Fast execution of JavaScript relies heavily on speculative optimizations. That is, JIT-compilers make assumptions when generating machine code based on feedback that was collected during earlier executions. For example, given the expression a + b, the compiler can generate machine code for an integer addition if past feedback indicates that a and b are integers (and not strings, floating point numbers, or other objects). Without making such assumptions, the compiler would have to emit generic code that handles the full behavior of the + operator in JavaScript, which is complex and thus much slower. If the program later behaves differently and thus violates assumptions made when generating the optimized code, V8 performs a deoptimization (or deopt, for short). That means throwing away the optimized code and continuing execution in unoptimized code (and collecting more feedback to possibly tier-up again later).

In contrast to JavaScript, fast execution of WebAssembly hasn’t required speculative optimizations and deopts. One reason is that WebAssembly programs can already be optimized quite well because more information is statically available as e.g., functions, instructions, and variables are all statically typed. Another reason is that WebAssembly binaries are often compiled from C, C++, or Rust. These source languages are also more amenable to static analysis than JavaScript, and thus toolchains such as Emscripten (based on LLVM) or Binaryen can already optimize the program ahead-of-time. This results in fairly well-optimized binaries, at least when targeting WebAssembly 1.0, which launched in 2017.

Motivation #

Then why do we employ more speculative optimizations for WebAssembly in V8 now? One reason is that WebAssembly has evolved with the introduction of WasmGC, the WebAssembly Garbage Collection proposal. It better supports compiling “managed” languages such as Java, Kotlin, or Dart to WebAssembly. The resulting WasmGC bytecode is more high-level than Wasm 1.0, e.g., it supports rich types, such as structs and arrays, subtyping, and operations on such types. The generated machine code for WasmGC thus benefits more from speculative optimizations.
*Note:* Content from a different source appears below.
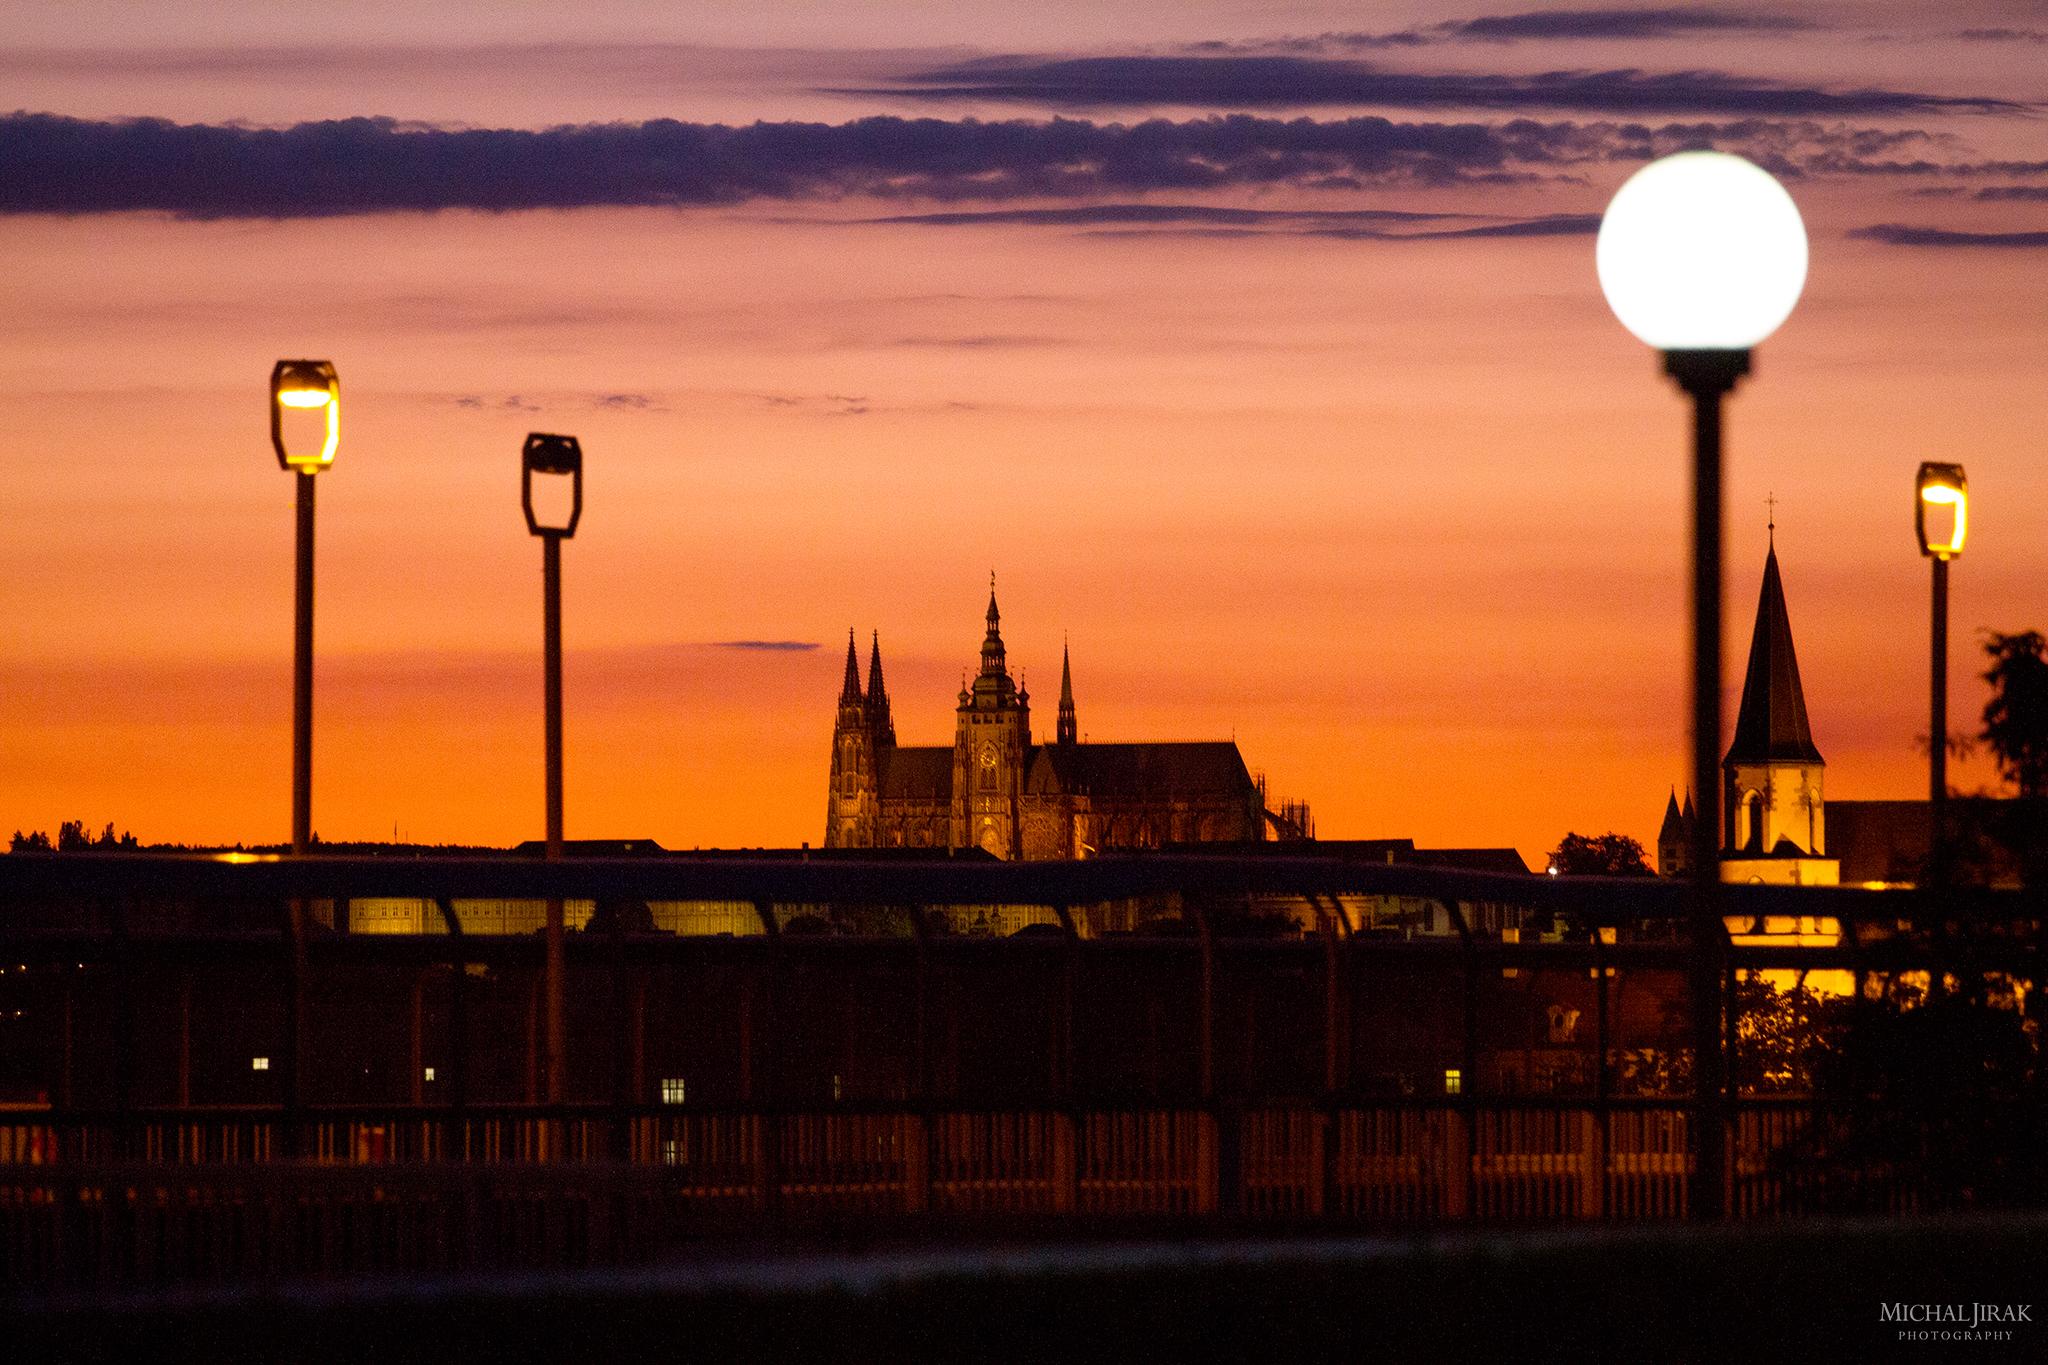 """Michal Jirák: """"Ten den jsem byl za kamarádem na Vyšehradě natáčet. Hned, když zapadlo slunce, se naskytl tenhle krásný pohled na Pražský hrad. Zase jsem neměl stativ, ale naštěstí jsem měl pevnou ruku a dlouhý objektiv."""""""

One particularly important optimization is inlining, that is, replacing a call instruction with the body of the callee function. Not only does this get rid of the administrative overhead associated with the call itself (which might be higher than the actual work for very small functions), but it also enables many other, subsequent optimizations to “see through” the function call, even if those optimizations are not inter-procedural. No wonder inlining was already recognized in 1971 as one of the most important optimizations in Frances Allen’s seminal “Catalogue of Optimizing Transformations”.

One complication for inlining are indirect calls, i.e., calls where the callee is only known at runtime and can be one of many potential targets. This is particularly true for the languages that compile to WasmGC. Consider Java or Kotlin where methods are virtual by default, whereas in C++ one has to opt-in by marking them explicitly. If there is not a single statically known callee, inlining is obviously not as straightforward.

Speculative Inlining #

This is where speculative inlining comes into play. In theory, indirect calls can target many different functions, but in practice, they still often go to a single target (called a monomorphic function call) or a few select cases (called polymorphic). We record those targets when executing the unoptimized code, and then inline up to four target functions when generating the optimized code.

The figure above shows the high-level picture. We start at the top left, with the unoptimized code for function func_a, generated by Liftoff, our baseline compiler for WebAssembly. At each call site Liftoff also emits code to update the feedback vector. This metadata array exists once per function, and it contains one entry per call instruction in the given function. Each entry records the call targets and counts for this particular call site. The example feedback at the bottom of the figure shows a monomorphic entry for the call_indirect in func_a; here the call target was 1337 times func_b.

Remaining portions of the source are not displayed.